### Task goal
Once the line with "10Pcs//lot Fashion Transparent" is found in the data, output it and each following line exactly, up to and including the line with "Nala Towel Stitch", and nothing before or after.

┌─ Excerpted data

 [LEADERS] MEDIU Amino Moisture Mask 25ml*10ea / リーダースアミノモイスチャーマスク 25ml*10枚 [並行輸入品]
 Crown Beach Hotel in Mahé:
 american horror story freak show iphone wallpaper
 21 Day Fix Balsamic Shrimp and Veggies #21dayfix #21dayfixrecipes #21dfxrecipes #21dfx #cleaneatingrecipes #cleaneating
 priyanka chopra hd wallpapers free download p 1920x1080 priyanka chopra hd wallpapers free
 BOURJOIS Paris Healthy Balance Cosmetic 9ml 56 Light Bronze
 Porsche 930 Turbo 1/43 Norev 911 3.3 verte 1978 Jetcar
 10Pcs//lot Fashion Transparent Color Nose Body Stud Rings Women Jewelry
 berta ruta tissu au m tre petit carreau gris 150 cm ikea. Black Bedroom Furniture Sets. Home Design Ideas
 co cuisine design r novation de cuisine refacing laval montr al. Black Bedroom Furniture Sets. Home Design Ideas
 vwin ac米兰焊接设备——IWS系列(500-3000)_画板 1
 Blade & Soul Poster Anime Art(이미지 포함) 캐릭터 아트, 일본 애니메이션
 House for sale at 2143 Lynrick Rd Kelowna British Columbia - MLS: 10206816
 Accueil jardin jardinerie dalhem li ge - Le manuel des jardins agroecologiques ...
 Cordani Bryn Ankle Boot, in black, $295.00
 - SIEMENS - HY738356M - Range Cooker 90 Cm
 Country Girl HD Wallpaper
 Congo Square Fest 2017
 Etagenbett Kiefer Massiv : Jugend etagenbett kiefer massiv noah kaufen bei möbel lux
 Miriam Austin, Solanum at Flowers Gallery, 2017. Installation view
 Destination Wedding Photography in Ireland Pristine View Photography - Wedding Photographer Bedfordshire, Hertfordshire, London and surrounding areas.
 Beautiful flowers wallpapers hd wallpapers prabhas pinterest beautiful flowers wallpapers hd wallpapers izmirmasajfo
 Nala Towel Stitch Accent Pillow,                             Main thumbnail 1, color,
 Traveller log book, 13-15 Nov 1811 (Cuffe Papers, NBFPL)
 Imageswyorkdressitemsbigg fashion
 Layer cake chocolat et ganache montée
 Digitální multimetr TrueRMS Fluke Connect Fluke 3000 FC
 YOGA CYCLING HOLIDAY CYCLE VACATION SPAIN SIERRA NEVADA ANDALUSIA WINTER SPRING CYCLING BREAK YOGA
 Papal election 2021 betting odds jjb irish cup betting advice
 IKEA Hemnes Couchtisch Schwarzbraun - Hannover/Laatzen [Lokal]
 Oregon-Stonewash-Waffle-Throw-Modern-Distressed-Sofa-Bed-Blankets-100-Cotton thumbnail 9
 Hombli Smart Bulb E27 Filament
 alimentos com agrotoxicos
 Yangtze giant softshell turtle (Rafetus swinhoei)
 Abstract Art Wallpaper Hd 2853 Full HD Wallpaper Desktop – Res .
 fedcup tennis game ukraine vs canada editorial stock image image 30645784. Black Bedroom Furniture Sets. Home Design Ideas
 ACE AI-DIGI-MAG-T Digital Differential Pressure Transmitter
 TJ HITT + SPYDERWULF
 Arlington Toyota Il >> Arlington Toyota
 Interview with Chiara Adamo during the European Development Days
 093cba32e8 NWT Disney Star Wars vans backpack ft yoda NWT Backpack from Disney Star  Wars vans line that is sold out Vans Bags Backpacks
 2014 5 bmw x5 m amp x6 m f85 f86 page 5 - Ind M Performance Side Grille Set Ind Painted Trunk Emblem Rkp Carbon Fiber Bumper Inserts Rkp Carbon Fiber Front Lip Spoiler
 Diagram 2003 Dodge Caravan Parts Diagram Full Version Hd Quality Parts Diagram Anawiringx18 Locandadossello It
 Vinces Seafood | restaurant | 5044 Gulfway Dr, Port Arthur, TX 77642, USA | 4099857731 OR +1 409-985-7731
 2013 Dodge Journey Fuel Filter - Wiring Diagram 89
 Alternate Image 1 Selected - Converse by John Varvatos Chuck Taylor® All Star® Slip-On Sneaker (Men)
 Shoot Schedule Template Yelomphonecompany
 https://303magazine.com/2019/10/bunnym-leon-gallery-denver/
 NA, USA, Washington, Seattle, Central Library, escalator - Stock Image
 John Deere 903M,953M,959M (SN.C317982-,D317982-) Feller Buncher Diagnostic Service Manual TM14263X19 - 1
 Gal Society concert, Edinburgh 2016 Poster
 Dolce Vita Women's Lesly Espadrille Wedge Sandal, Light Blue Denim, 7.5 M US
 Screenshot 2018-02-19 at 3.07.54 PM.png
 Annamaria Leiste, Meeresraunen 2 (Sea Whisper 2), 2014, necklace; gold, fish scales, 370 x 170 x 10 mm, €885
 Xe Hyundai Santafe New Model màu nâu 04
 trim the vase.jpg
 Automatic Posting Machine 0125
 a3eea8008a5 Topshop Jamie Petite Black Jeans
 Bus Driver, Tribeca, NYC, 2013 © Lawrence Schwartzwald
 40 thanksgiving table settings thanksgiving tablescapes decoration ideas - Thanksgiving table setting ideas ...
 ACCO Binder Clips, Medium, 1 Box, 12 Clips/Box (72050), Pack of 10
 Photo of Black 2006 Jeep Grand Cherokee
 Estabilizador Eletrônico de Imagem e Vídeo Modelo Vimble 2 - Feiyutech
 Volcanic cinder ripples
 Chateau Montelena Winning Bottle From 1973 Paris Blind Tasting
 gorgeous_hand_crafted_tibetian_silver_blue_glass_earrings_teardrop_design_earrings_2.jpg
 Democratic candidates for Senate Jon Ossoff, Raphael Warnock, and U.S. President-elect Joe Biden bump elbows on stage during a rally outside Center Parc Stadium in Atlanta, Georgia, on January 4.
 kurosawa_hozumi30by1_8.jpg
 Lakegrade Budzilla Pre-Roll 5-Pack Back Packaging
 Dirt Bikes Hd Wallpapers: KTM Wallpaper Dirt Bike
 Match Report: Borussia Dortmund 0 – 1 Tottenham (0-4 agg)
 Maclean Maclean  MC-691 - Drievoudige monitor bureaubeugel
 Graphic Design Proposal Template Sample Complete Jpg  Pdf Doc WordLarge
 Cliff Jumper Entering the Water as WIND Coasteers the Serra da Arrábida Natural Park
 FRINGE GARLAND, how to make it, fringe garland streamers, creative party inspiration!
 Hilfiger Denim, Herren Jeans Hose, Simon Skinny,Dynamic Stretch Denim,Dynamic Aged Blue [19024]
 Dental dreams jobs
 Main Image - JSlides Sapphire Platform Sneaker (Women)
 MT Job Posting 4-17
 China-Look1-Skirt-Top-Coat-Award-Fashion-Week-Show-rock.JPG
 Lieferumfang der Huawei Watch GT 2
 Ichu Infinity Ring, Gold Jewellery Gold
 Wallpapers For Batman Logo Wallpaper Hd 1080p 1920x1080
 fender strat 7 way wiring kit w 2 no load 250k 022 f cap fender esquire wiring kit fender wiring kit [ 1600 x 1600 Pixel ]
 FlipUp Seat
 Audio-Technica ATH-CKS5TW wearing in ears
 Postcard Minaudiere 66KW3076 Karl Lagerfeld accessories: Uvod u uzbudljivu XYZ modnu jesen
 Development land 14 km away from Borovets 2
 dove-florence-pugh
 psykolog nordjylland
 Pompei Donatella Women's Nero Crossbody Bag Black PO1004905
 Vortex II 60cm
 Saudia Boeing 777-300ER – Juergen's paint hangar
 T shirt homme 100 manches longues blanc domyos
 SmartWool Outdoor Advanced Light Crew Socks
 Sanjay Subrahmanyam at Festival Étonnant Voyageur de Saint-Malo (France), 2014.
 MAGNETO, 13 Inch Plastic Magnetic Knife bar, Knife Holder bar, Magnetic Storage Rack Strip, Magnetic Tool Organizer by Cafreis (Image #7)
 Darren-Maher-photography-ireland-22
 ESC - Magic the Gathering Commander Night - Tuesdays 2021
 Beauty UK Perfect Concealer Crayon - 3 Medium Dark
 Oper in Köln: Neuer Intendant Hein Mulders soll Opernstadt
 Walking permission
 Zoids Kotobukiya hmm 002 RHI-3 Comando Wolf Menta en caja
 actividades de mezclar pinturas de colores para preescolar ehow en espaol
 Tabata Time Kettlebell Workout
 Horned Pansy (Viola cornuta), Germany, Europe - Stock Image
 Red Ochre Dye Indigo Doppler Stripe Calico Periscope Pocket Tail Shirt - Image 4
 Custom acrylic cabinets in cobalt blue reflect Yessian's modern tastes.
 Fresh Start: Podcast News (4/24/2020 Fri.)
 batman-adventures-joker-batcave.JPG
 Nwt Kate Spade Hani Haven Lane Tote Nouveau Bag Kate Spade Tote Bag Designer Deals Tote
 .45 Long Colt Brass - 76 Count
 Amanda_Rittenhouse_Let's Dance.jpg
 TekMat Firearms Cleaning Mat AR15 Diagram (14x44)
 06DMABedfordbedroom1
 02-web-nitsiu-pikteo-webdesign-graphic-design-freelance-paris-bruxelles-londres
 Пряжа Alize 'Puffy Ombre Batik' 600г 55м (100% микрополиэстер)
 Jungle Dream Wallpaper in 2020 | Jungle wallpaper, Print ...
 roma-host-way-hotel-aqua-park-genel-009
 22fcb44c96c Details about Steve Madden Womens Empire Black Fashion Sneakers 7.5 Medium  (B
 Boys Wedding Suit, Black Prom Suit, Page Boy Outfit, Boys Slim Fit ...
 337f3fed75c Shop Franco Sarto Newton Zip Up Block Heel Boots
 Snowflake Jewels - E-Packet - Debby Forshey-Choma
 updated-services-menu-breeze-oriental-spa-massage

└─

### Answer to this exercise
 10Pcs//lot Fashion Transparent Color Nose Body Stud Rings Women Jewelry
 berta ruta tissu au m tre petit carreau gris 150 cm ikea. Black Bedroom Furniture Sets. Home Design Ideas
 co cuisine design r novation de cuisine refacing laval montr al. Black Bedroom Furniture Sets. Home Design Ideas
 vwin ac米兰焊接设备——IWS系列(500-3000)_画板 1
 Blade & Soul Poster Anime Art(이미지 포함) 캐릭터 아트, 일본 애니메이션
 House for sale at 2143 Lynrick Rd Kelowna British Columbia - MLS: 10206816
 Accueil jardin jardinerie dalhem li ge - Le manuel des jardins agroecologiques ...
 Cordani Bryn Ankle Boot, in black, $295.00
 - SIEMENS - HY738356M - Range Cooker 90 Cm
 Country Girl HD Wallpaper
 Congo Square Fest 2017
 Etagenbett Kiefer Massiv : Jugend etagenbett kiefer massiv noah kaufen bei möbel lux
 Miriam Austin, Solanum at Flowers Gallery, 2017. Installation view
 Destination Wedding Photography in Ireland Pristine View Photography - Wedding Photographer Bedfordshire, Hertfordshire, London and surrounding areas.
 Beautiful flowers wallpapers hd wallpapers prabhas pinterest beautiful flowers wallpapers hd wallpapers izmirmasajfo
 Nala Towel Stitch Accent Pillow,                             Main thumbnail 1, color,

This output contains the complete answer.